`nnul/sqlchat`: A Conversational AI for SQL Generation

This repository contains sqlchat, a powerful and efficient language model designed specifically for Text-to-SQL tasks. It can understand natural language questions and database schemas to generate accurate SQL queries, including complex statements for creating and managing tables (Data Definition Language).

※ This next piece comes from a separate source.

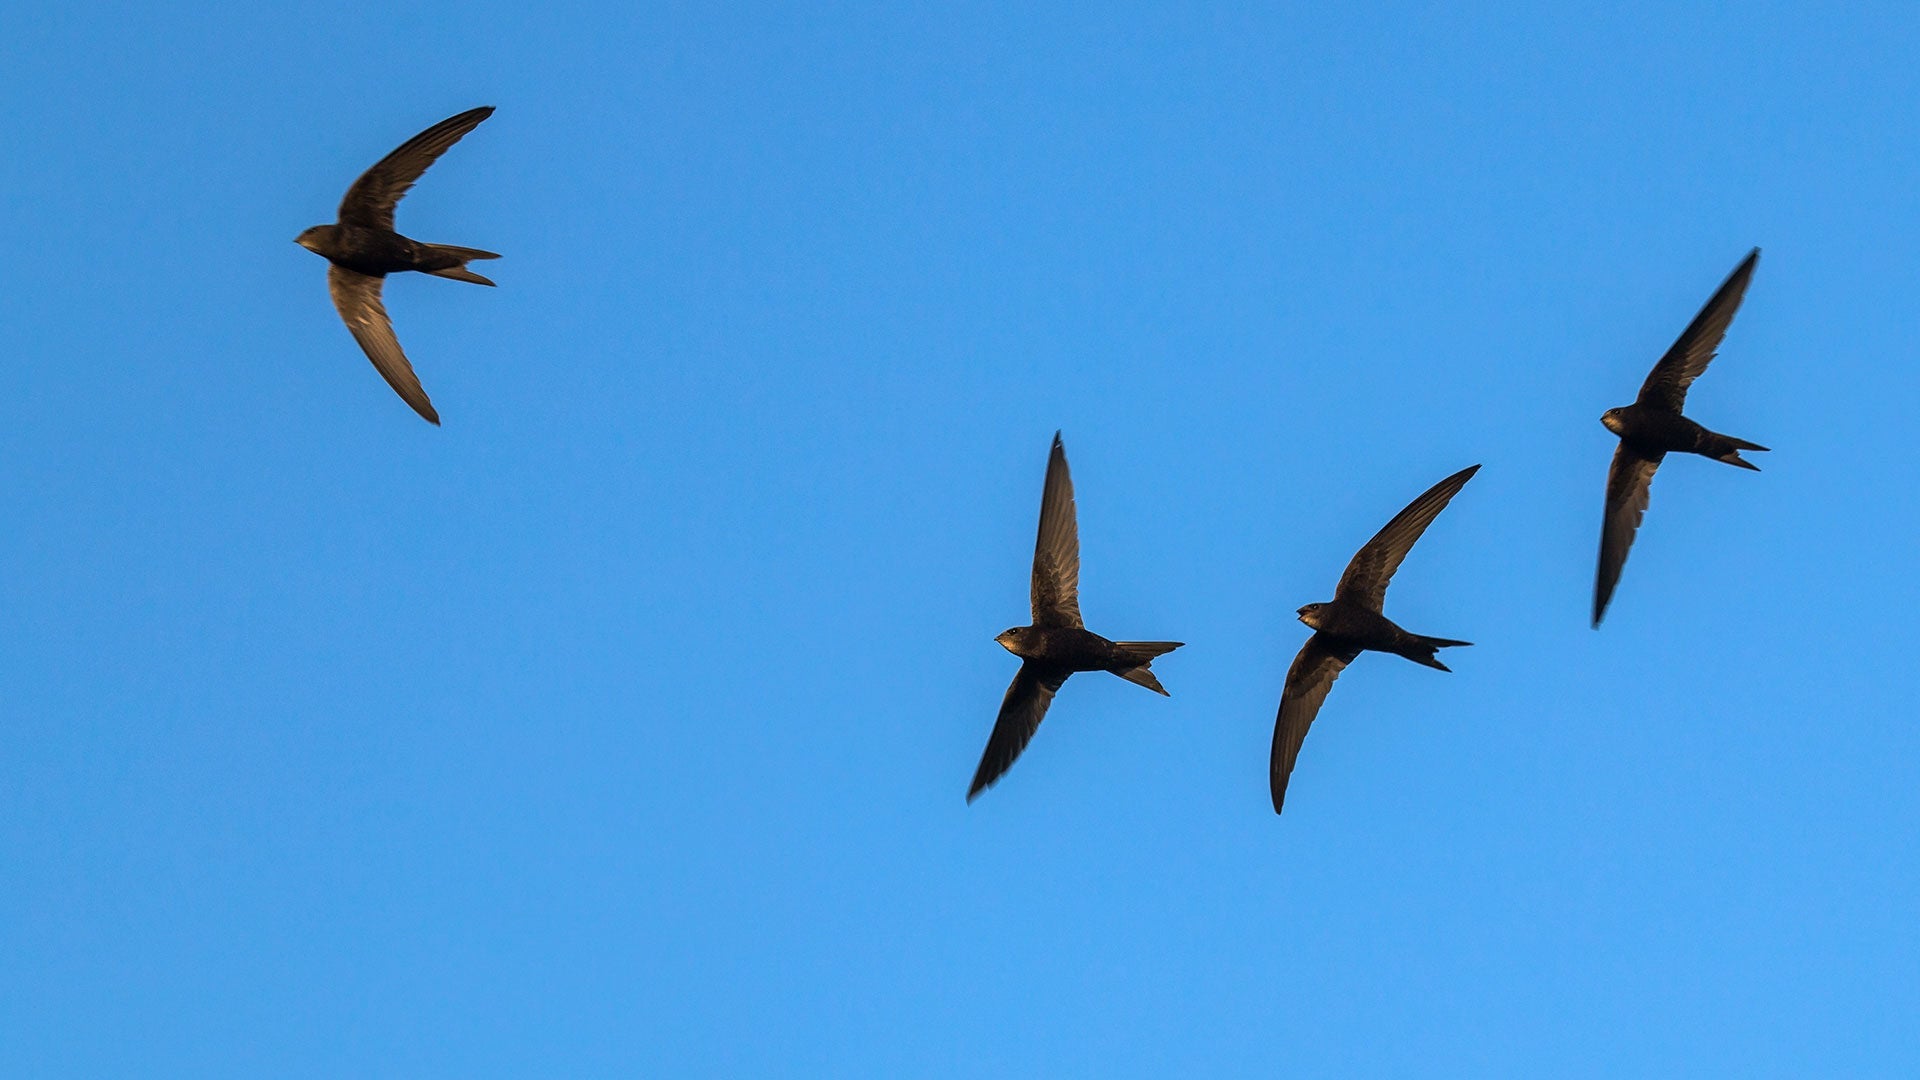 Swift in flight in blue sky

This model is provided as a standalone 4-bit quantized model, optimized for easy deployment and high-performance, low-resource inference. It was built using the Unsloth library to ensure maximum speed and memory efficiency.

Model Capabilities

Natural Language to SQL: Translates complex English questions into executable SQL queries.
Schema-Aware: Understands CREATE TABLE contexts provided in the prompt to generate relevant queries.
DDL Generation: Capable of generating CREATE TABLE statements, including constraints like PRIMARY KEY and FOREIGN KEY relationships.
Complex Query Logic: Successfully handles JOINs, aggregations (COUNT, MAX), and sorting (ORDER BY ... LIMIT).

How to Use

The easiest way to use sqlchat is with the Unsloth library, which will ensure you get the best performance.

Prerequisites

First, install the necessary libraries.

pip install unsloth
pip install "torch>=2.3.1"

Running Inference

Here is a simple, reusable Python script to run inference with the model.

import torch
from unsloth import FastLanguageModel
from transformers import TextStreamer

# Load the sqlchat model from the Hugging Face Hub
# This is a standalone 4-bit model, so we load it as such.
print("Loading sqlchat model...")
model, tokenizer = FastLanguageModel.from_pretrained(
    model_name="nnul/sqlchat",
    max_seq_length=4096,
    dtype=None,
    load_in_4bit=True,
)
print("Model loaded successfully.")

# This call optimizes the model for the fastest possible inference.
FastLanguageModel.for_inference(model)

def generate_sql(instruction: str, context: str = ""):
    """
    A helper function to generate SQL from a natural language prompt.
    """
    prompt = tokenizer.apply_chat_template(
        [
            {"role": "system", "content": "You are a helpful assistant that generates SQL queries based on natural language questions and database schemas."},
            {"role": "user", "content": f"### Instruction:\n{instruction}\n\n### Context:\n{context}"},
        ],
        tokenize=False,
        add_generation_prompt=True,
        enable_thinking=False, # Ensures direct SQL output
    )

    inputs = tokenizer([prompt], return_tensors="pt").to("cuda")
    text_streamer = TextStreamer(tokenizer, skip_prompt=True, clean_up_tokenization_spaces=True)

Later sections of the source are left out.